É dentro do governo Castelo Branco que se aplica dois atos institucionais, o segundo e o terceiro ato (o primeiro é de 9 de abril de 1964, e foi editado pelo Comando Supremo da Revolução, que diz que a revolução legitimava os demais poderes existentes, além de limitar-se a si mesma). É em 1965, Castelo Branco edita o segundo ato, em respostas às derrotas eleitorais para os governos de Minas, restaurando a dinâmica de exceção, em que dissolve os partidos existentes adotando o bipartidarismo; justificando milhares de cassações, etc., e logo em seguida o terceiro ato, que seria “extinção de eleições para prefeitos das capitais, a serem designadas pelos governadores, após a anuência das respectivas assembleis legislativas” (pág. 62).

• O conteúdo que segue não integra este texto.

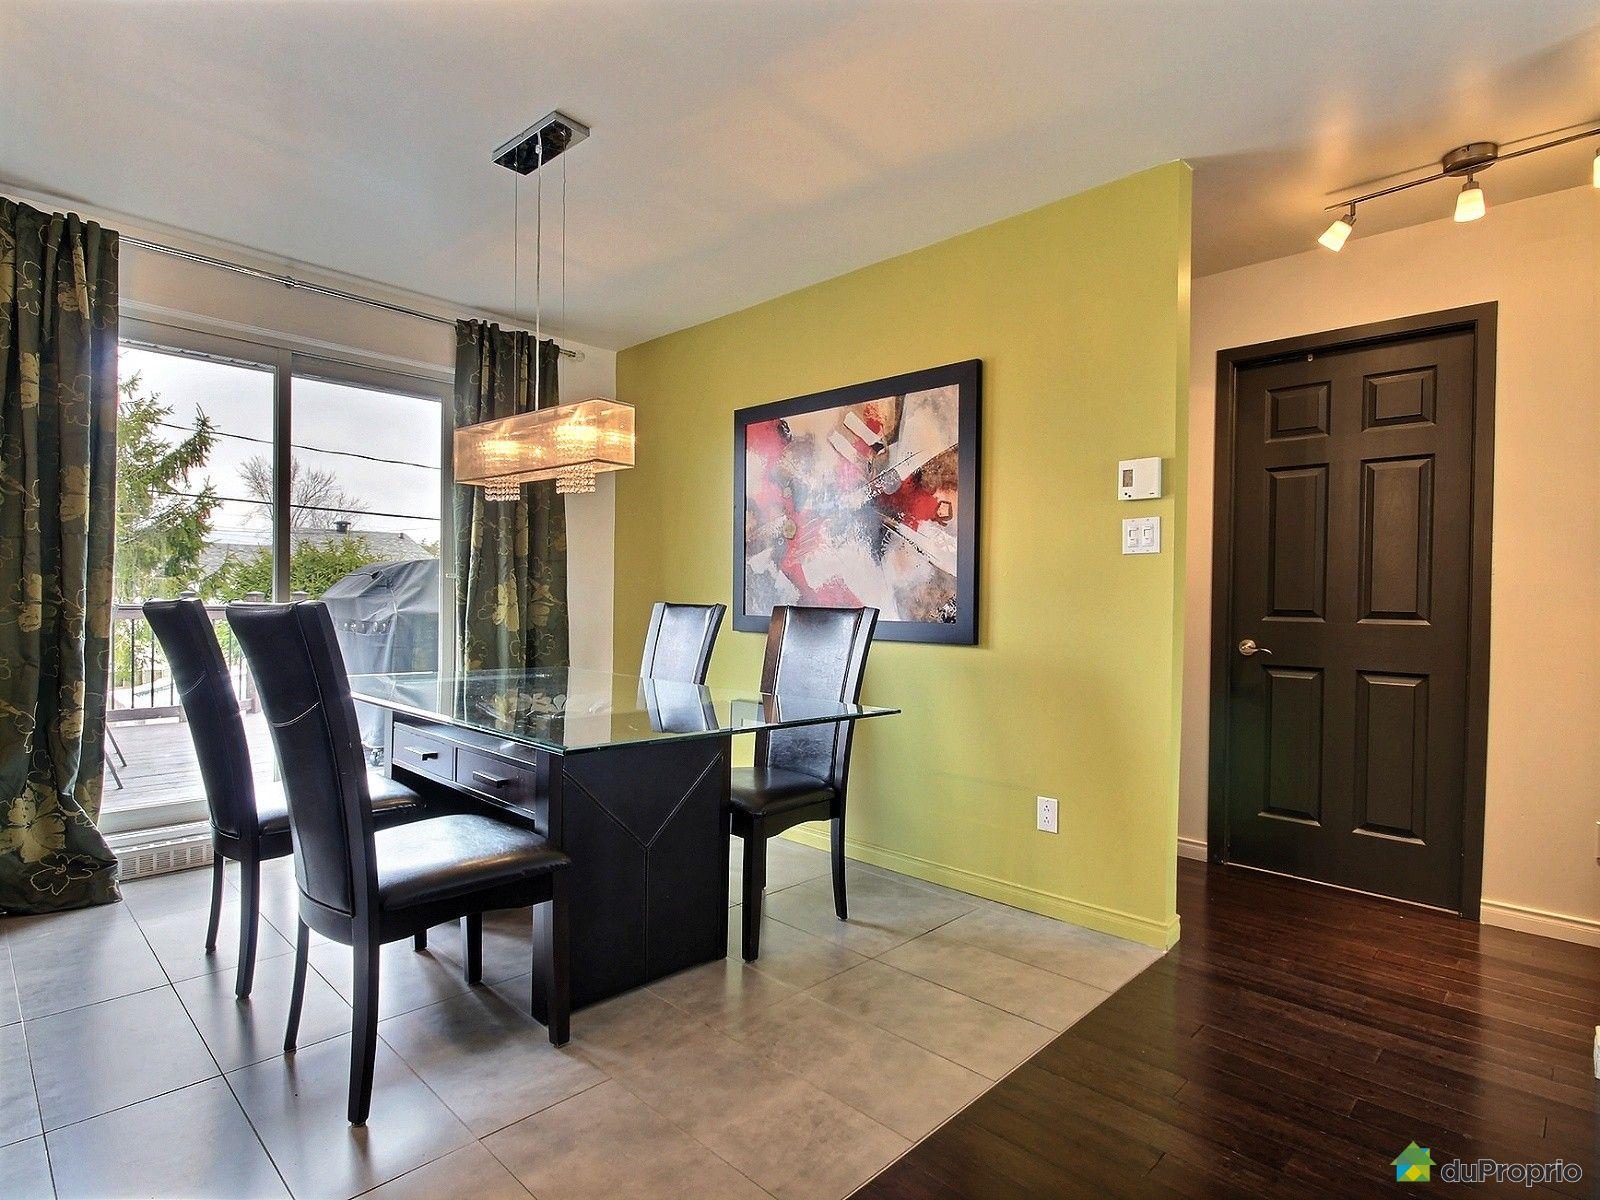 Maison vendre st jean chrysostome 919 rue pellan immobilier qu bec duproprio 700403 for Salle a manger jean

Justamente por esses motivos, se acreditava, dentro da esquerda, no fracasso da ditadura, porém, “o governo continuava capaz de mobilizar em torno de seus propósitos significativas parcela das lideranças civis nos meios empresariais, políticos e religiosos” (pág. 62). E seguidamente, Castelo Branco produz diversas ações para que a ditadura se institucionalize.

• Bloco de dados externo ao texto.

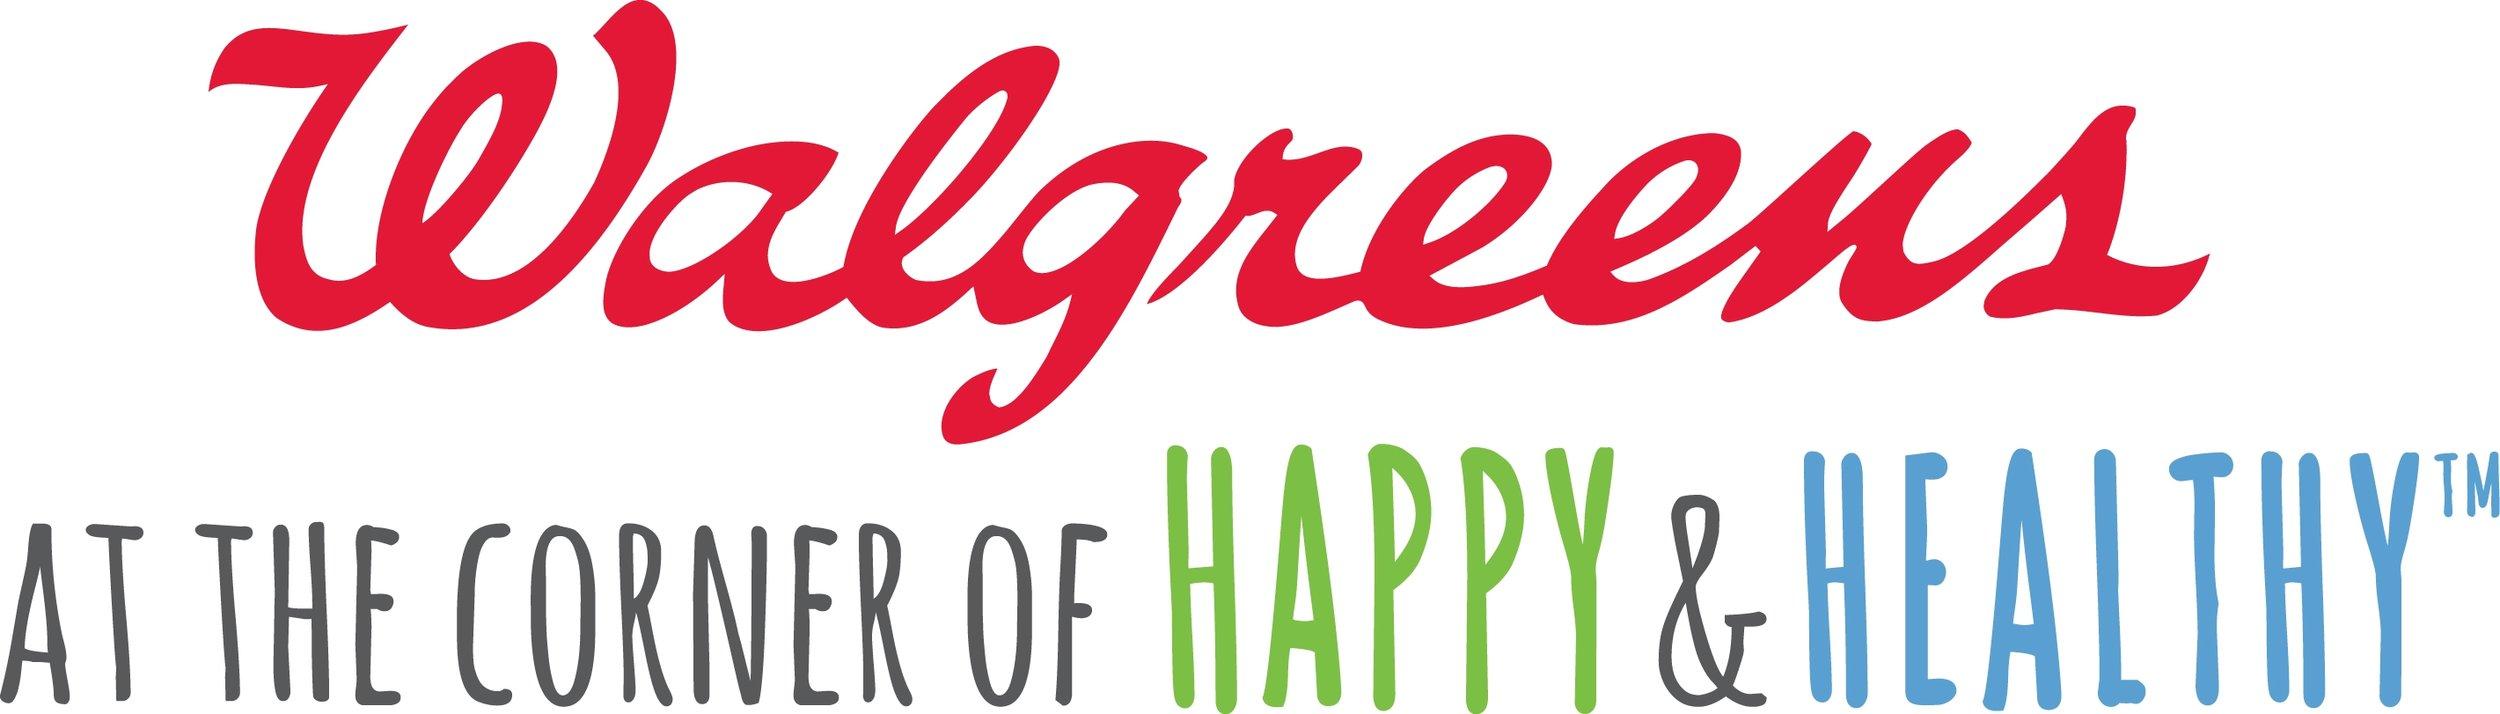 Walgreens_happy_healthy logo.jpg

Em 1967, assume Costa e Silva, que diz que “a meta do meu governo é o homem” (pág. 66). Uma crítica clara ao governo anterior. “Ele governaria numa outra atmosfera, sem a sombra de Atos Institucionais. (...) vinha com promessas de reconciliação democrática e desenvolvimento econômico” (pág. 66) mesmo mantendo compromissos com a linha dura. É nesse momento que o país começa a registrar um desenvolvimento econômico crescente, o que não impede o cessar fogo dos oposicionistas ao regime.
 Homens que antes chegaram a apoiar o golpe agora estão do lado oposto.  Podemos dividir em três os grupos que se colocaram contra ao regime: os moderados (MBD, Frente Ampla, Setores Eclesiásticos, Liberais); movimento dos estudantes, de caráter sindical; e as organizações revolucionárias clandestinas. O que podemos perceber é que essa oposição não era coesa, e muito menos homogênea e harmonizada.
Contra todas essas oposições, já que dentro da situação se percebia que aquela onda oposicionista podia se organizar e oferecer perigo efetivo a então ordem, Costa e Silva se viu obrigado a jogar pesado, e fez isso através do Ato Institucional N°5. O presidente-ditador fechou o parlamento, atribuiu a si muitos poderes, reiterou o estado de exceção. Houve aqui um golpe dentro do golpe. A ditadura, por fim, estava sem disfarces, escancarada para qualquer um ver.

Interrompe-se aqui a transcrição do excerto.